Task objective: The lines to extract run from the first line of the entries through the line that contains "Collar de corazón"; reproduce exactly those lines and no others.

Records excerpted from a collection:
┏━━

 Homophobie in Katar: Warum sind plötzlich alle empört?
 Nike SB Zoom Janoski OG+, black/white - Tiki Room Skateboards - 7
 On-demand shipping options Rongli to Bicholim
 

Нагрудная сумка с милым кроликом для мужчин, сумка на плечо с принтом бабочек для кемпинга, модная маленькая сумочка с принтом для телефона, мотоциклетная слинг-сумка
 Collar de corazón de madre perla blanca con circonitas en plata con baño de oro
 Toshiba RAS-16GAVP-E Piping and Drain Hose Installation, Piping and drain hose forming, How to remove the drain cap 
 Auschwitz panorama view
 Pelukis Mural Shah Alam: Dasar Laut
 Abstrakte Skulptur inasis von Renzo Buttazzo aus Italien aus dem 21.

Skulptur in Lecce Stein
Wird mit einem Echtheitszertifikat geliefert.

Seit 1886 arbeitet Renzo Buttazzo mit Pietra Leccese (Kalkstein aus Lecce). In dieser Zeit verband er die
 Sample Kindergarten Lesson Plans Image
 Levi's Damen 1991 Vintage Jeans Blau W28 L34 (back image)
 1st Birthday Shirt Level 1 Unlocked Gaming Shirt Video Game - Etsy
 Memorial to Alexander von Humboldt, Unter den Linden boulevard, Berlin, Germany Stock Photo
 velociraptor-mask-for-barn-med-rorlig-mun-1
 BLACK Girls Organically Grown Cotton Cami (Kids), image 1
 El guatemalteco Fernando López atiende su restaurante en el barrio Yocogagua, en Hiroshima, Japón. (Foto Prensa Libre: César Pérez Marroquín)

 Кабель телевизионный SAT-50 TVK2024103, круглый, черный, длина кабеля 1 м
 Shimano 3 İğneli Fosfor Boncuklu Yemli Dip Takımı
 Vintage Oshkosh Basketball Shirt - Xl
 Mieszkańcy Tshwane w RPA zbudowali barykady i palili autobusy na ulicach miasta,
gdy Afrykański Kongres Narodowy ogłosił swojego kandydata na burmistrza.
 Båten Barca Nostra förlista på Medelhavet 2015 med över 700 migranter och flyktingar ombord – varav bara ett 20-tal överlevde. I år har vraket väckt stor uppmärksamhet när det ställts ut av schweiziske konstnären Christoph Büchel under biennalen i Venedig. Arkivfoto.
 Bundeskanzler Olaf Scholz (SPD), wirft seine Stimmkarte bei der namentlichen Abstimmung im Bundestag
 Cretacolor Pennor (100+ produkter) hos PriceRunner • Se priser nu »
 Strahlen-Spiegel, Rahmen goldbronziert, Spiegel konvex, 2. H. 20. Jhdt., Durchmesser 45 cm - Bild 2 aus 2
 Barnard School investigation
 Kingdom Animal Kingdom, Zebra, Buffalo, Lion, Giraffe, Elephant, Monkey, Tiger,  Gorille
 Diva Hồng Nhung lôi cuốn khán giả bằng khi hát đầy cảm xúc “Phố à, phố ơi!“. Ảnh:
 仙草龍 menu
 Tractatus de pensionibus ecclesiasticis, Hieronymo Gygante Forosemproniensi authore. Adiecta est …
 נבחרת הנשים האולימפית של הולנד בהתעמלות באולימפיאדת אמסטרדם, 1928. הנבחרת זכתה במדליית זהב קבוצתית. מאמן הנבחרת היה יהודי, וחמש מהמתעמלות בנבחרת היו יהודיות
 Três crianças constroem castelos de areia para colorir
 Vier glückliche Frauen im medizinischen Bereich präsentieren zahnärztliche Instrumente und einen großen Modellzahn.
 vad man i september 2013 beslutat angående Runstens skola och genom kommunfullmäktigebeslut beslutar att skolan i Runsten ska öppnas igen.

┗━━

Task output:
 Homophobie in Katar: Warum sind plötzlich alle empört?
 Nike SB Zoom Janoski OG+, black/white - Tiki Room Skateboards - 7
 On-demand shipping options Rongli to Bicholim
 

Нагрудная сумка с милым кроликом для мужчин, сумка на плечо с принтом бабочек для кемпинга, модная маленькая сумочка с принтом для телефона, мотоциклетная слинг-сумка
 Collar de corazón de madre perla blanca con circonitas en plata con baño de oro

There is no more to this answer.